It’s no longer NPS, now it’s BAI - how word-of-mouse replaced the word-of-mouthAugust 2014
Marketers have long been tormented by the answer to the question of how their brand is assessed. Over 10 years ago F. Reichheld of Bain & Co. published an article in the Harvard Business Review which has revolutionized the measurement of consumer satisfaction with the brand (applied mainly to services.) Today, search is on for new solutions to this age-old problem.
Index introduced by Reichheld, called “net promoter score” (NPS) has one major advantage: it can be easily calculated. On the question directed at current customers "how likely would you recommend our brand / company to your friends and family?" they reply indicating the number on a scale from 0 (very low) to 10 (very high). Now You only have to subtract from the summed percentage of indications on the numbers 9 and 10 (the so-called "promoters") the accumulated percentage of indications on numbers from 0 to 6 (the so-called "destructors") to get the NPS value. It is assumed that if the value exceeds 50, then the brand has really satisfied, loyal customers, who become its advocates.
Nowadays we live in a time when consumers turn for advice on "what to buy" not only directly to their friends, but also tend to consult their intentions on Internet forums. A large consumer survey (32,000 respondents in the United States and four European countries: France, Germany, Great Britain and Spain) by Boston Consulting Group completed a year ago shows that before buying, especially expensive and important (for the consumer) product roughly two thirds of respondents turn for advice to family and friends and half consults on internet forums. Worth emphasizing is that the percentage is (depending on country) twice or even ten times greater than the percentage of consumers seeking advice in traditional media!
Enriched with this knowledge BCG consultants therefore propose a new indicator: BAI which stands for “brand advocacy index”. It is based on referrals actually granted to brand and also negative opinions, additionally regardless of whether they come from current or former brand customers (or even those consumers who have had only short experience with the brand or judge it solely on the basis of the attributes of the offer).

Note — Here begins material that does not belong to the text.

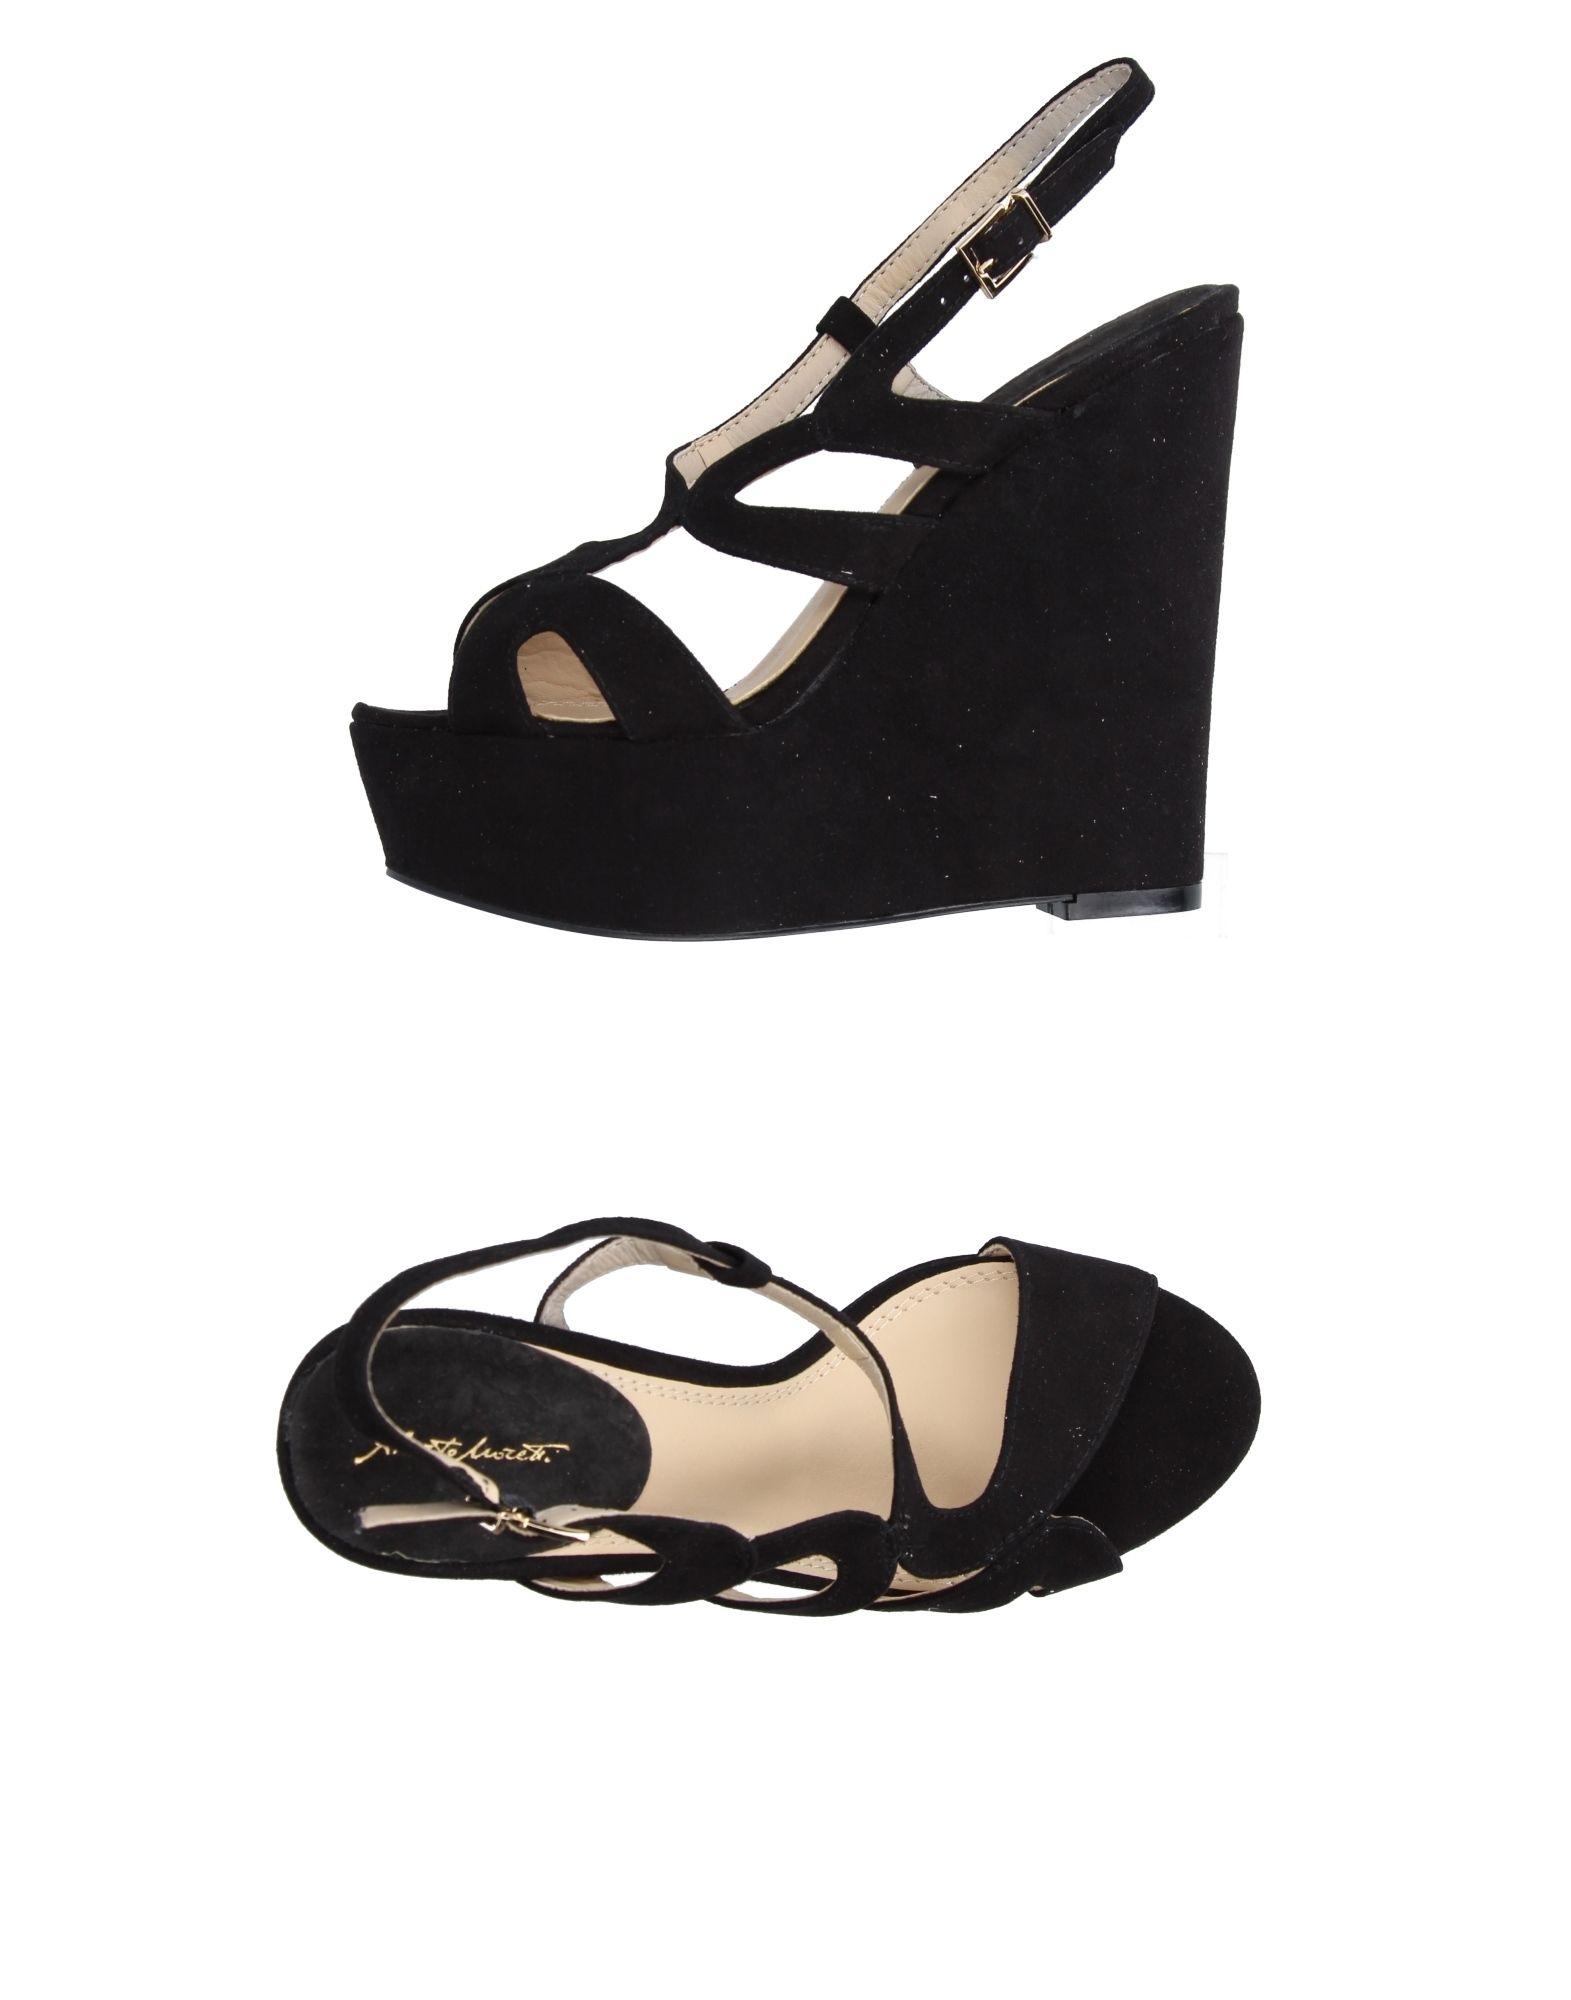 Alberto Moretti Gute Sandalen Damen  11221898KJ Gute Moretti Qualität beliebte Schuhe b68627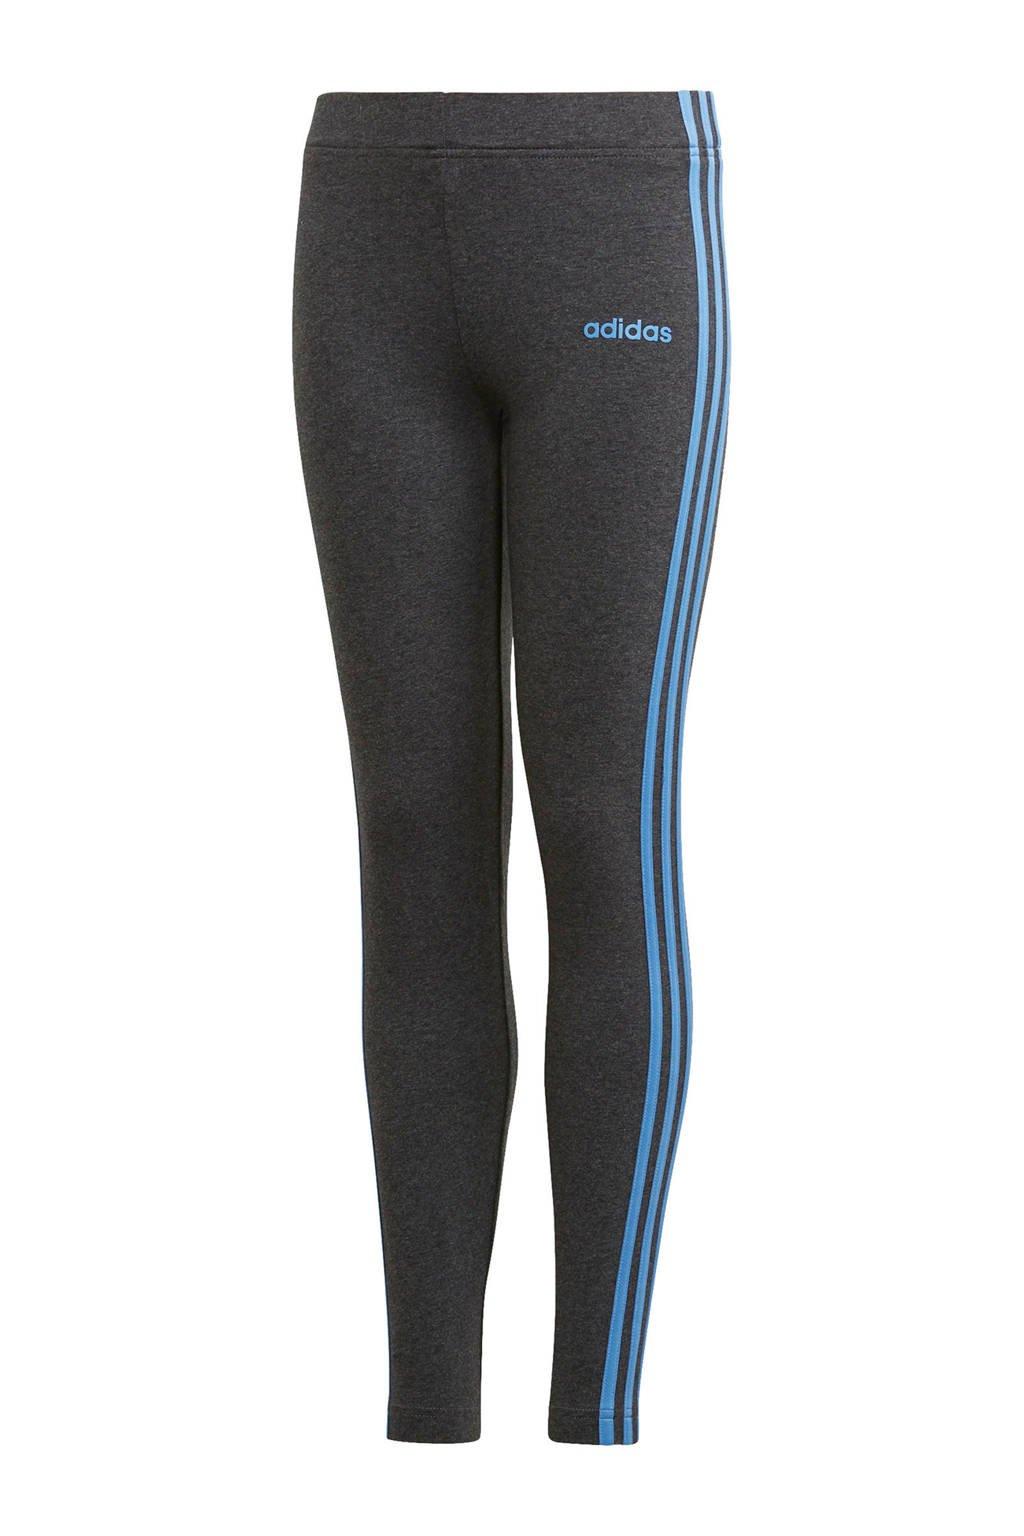 adidas performance sportbroek antraciet, Antraciet/blauw

For the calculation of the BAI You need to subtract from cumulative percentage of positive recommendations for the brand (regardless of whether they were spontaneous or appeared in response to someone's question) the total percentage of critical opinion. And here we encounter a problem. Sometimes we find the opinions that are ambiguous. The consumer indicates both the advantages and disadvantages of the offer, not always giving a clear advice of "buy or not to buy". Nevertheless, BCG analysis (over 300 brands in 12 categories) show a very strong correlation between value of the BAI index and increase of brand’s revenues. For example, the growth rate of sales of smartphones brands with the highest rates of BAI is almost twice as high as those brands with the lowest levels of BAI index. As we can see, the relative level of BAI for a particular brand has a real impact on market success.
Conclusion that comes from this is clear. If you already have created a brand, You should fight for a positive recommendations on the Web. If the brand is in the making, look for the best brands (with the highest rates of BAI) for inspiration and try to understand what is it that attracts their customers mostly. Ear sensitive to the needs of the consumers certainly helps in effectively creating a new brand.